Experimental program
Comparison scheme
Effect test

Embodiment 1~2

[0035] Preparation of 5-benzyl-4,5,6,7-tetrahydrothieno[3,2-c]pyridine (formula III):

[0036] 4,5,6,7-tetrahydrothieno[3,2-c]pyridine (7.0g), potassium carbonate (7.2g) and acetonitrile (50ml) were mixed, benzyl chloride (6.1g) was added, stirred for 0.5 After 3 hours it was refluxed for 3 hours. Cool, filter, concentrate the filtrate to dryness, add ethyl acetate (30ml) and water (50ml), separate the layers, extract the aqueous layer with ethyl acetate (30ml×2), combine the organic layers, wash with water, dry, and concentrate to dryness to obtain 8.3 g of the title compound 5-benzyl-4,5,6,7-tetrahydrothieno[3,2-c]pyridine, yield 90.8%.

[0037] 4,5,6,7-tetrahydrothieno[3,2-c]pyridine (18.0g), potassium carbonate (18.6g), benzyl chloride (15.0g), sodium iodide (0.8g) in DMF ( 100ml) was stirred for 0.5 hours, then reacted at 80°C for 3 hours, cooled, added water (150ml) and ethyl acetate (100ml), separated, and the aqueous layer was extracted with ethyl acetate (50ml×2). ...

Embodiment 3

[0039] Preparation of 2-bromo-5-benzyl-4,5,6,7-tetrahydrothieno[3,2-c]pyridine (formula IV):

[0040] The compound (23.2g) obtained in Example 2 was dissolved in acetic acid (100.0ml), 40% hydrobromic acid (75.0ml), methanol (100ml), and the methanol of 30% hydrogen peroxide (33.0ml) was added dropwise under ice-water bath cooling (100ml) solution, stirred at room temperature for 3 hours. Sodium thiosulfate solution (150ml) was added dropwise, then saturated sodium carbonate solution was added dropwise until the pH was 9, extracted with dichloromethane (100ml×3), the organic layers were combined, washed with water, dried, and concentrated to dryness to obtain 30.5g of light yellow solid , yield 97.8%.

Embodiment 4~6

[0042] Preparation of 2-methoxy-5-benzyl-4,5,6,7-tetrahydrothieno[3,2-c]pyridine (formula V):

[0043]Dissolve sodium (0.43g) in methanol (20ml), add 2-bromo-5-benzyl-4,5,6,7-tetrahydrothieno[3,2-c]pyridine (3.88g), bromide Cuprous (0.17g), stirred and refluxed for 12 hours. Cool, filter, concentrate the filtrate to dryness, add ethyl acetate (30ml) and water (50ml), separate the layers, extract the aqueous layer with ethyl acetate (30ml×2), combine the organic layers, wash with water, dry, and concentrate to dryness to obtain 3.3 g of oily matter was separated by column to obtain 1.3 g of the title compound, with a yield of 39.8%.
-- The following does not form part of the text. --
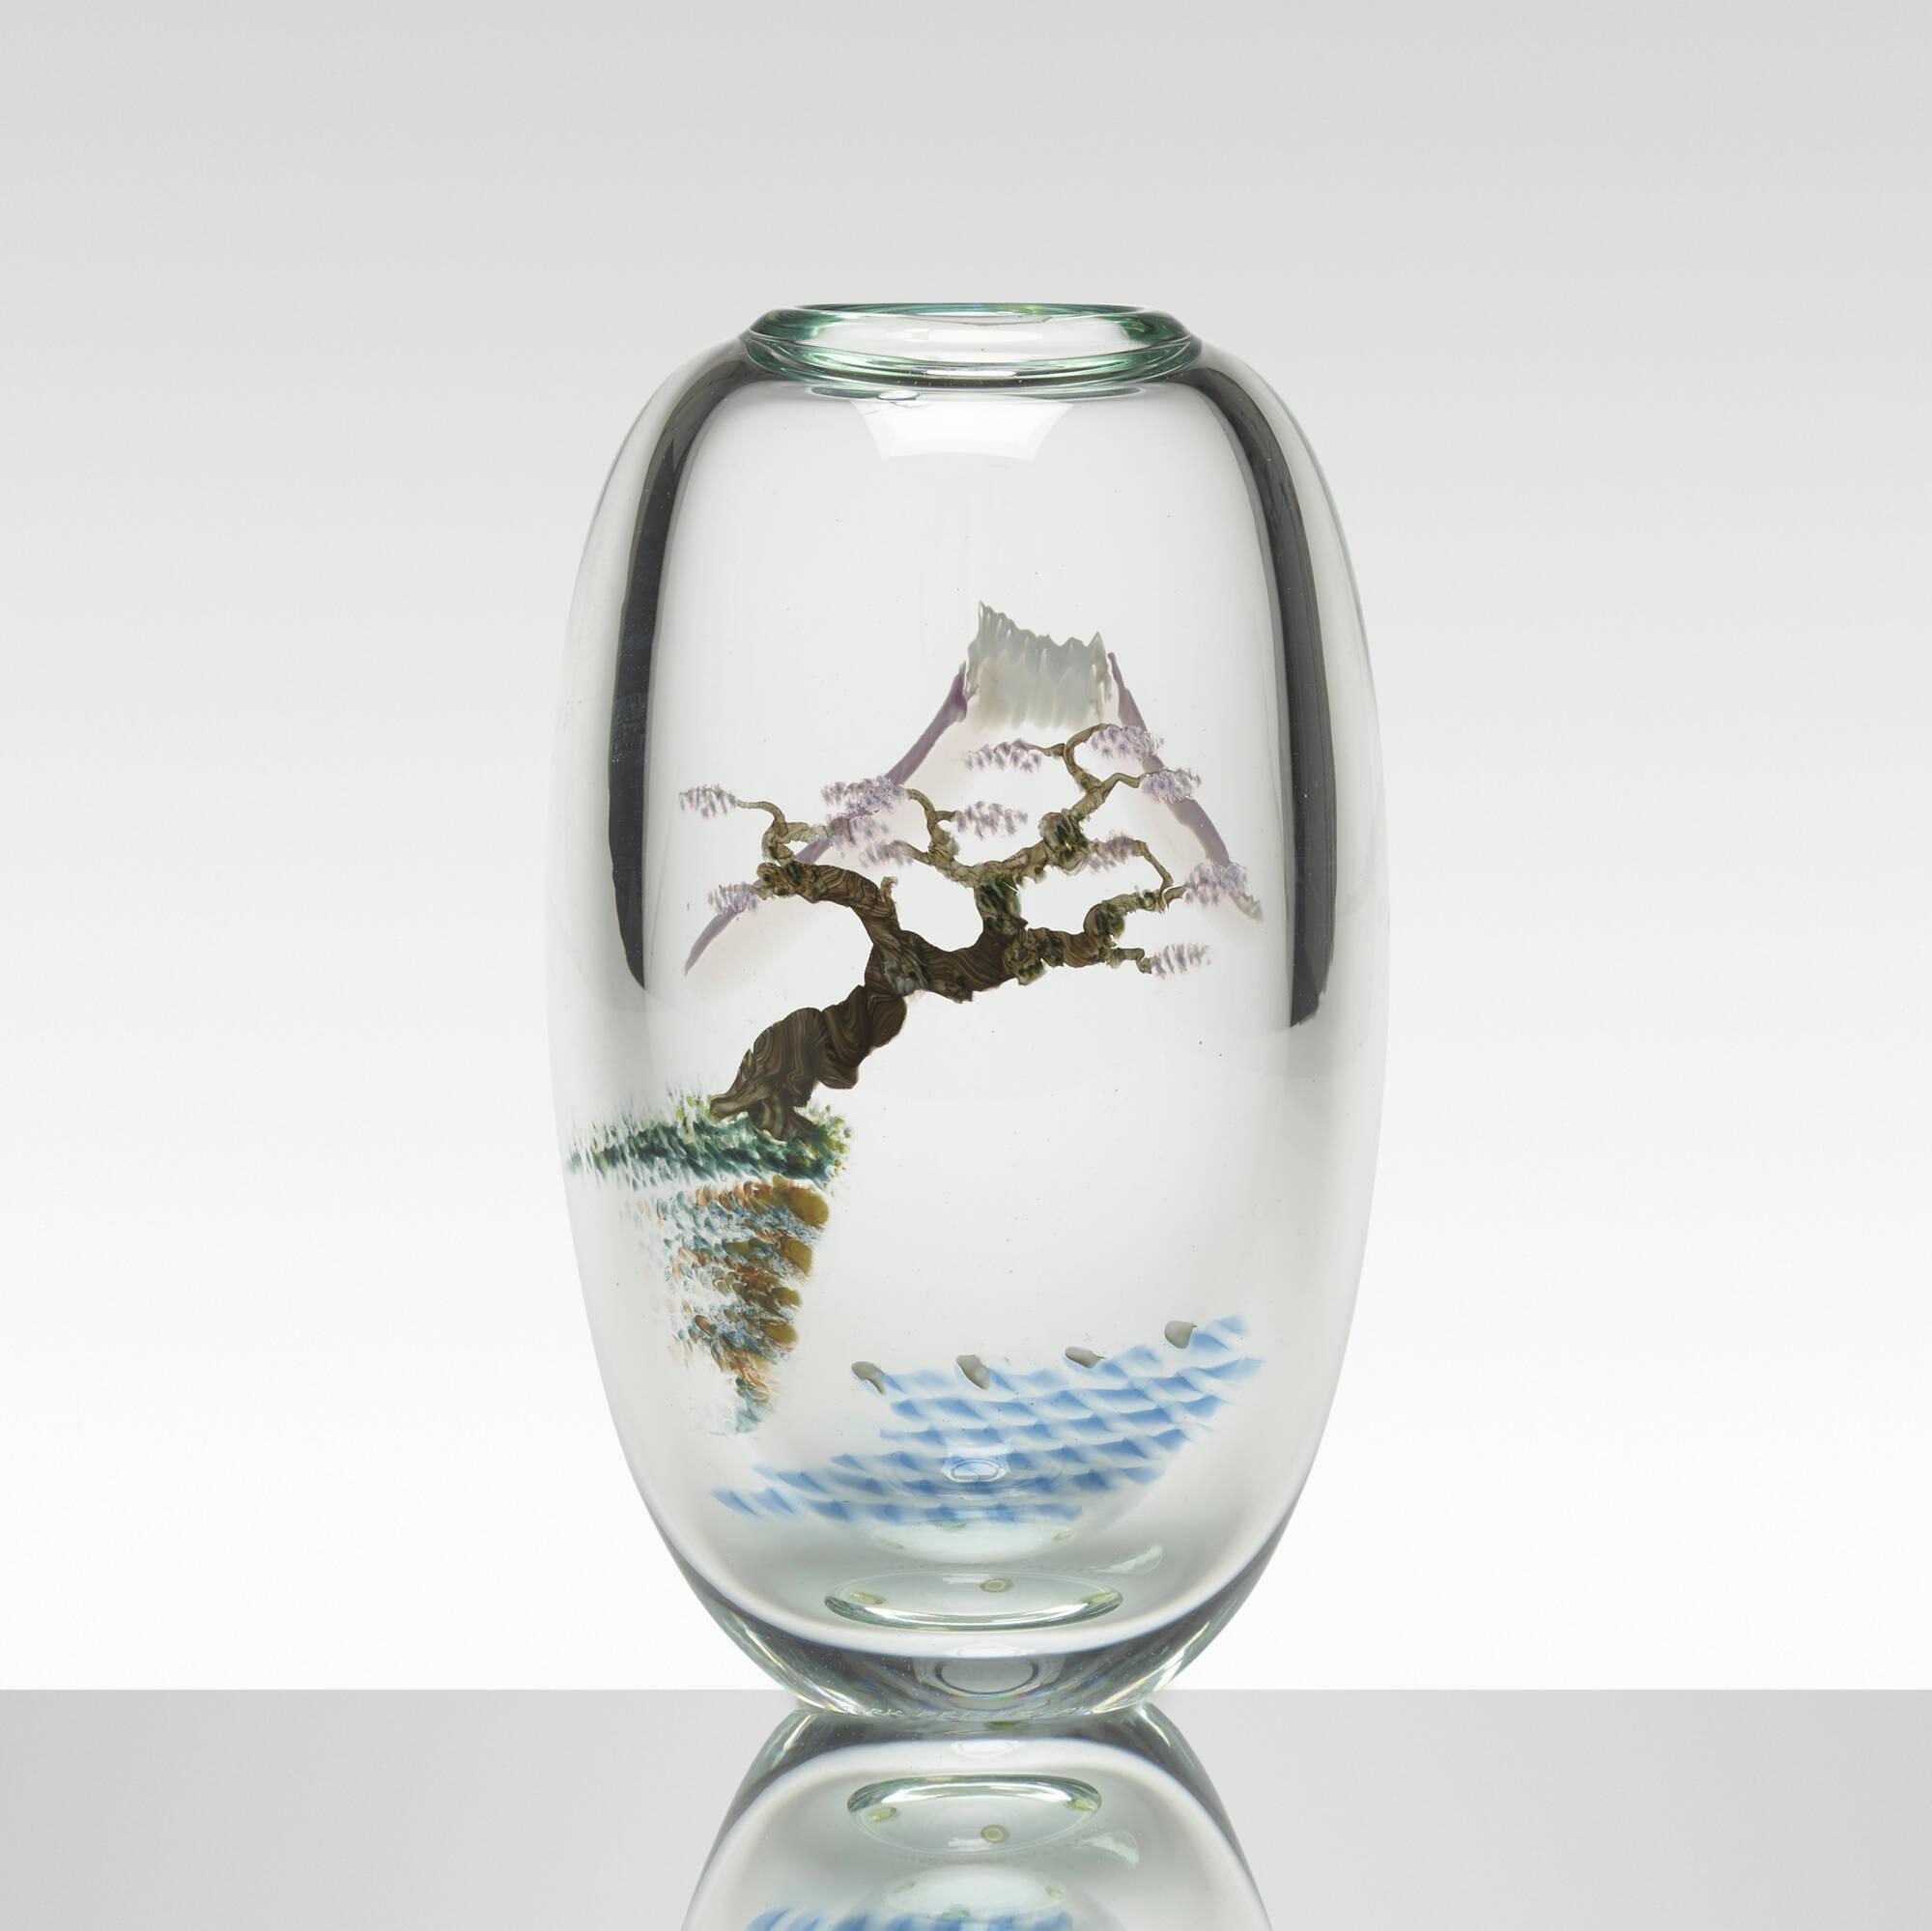 155: Mark Peiser / Plum Tree, Fuji Stream (1 of 2)

[0044] Dissolve sodium (5.6g) in methanol (120ml), concentrate to dryness, add tetrahydrofuran (100ml), 2-bromo-5-benzyl-4,5,6,7-tetrahydrothieno[3,2-c ] Pyridine (7.5g), cuprous bromide (0.34g) and sodium iodide (0.15g), stirred and refluxed for 24 hours. Cool, filter and wash with ethyl acetate, concentrate the filtrate to dryness, add ethyl ...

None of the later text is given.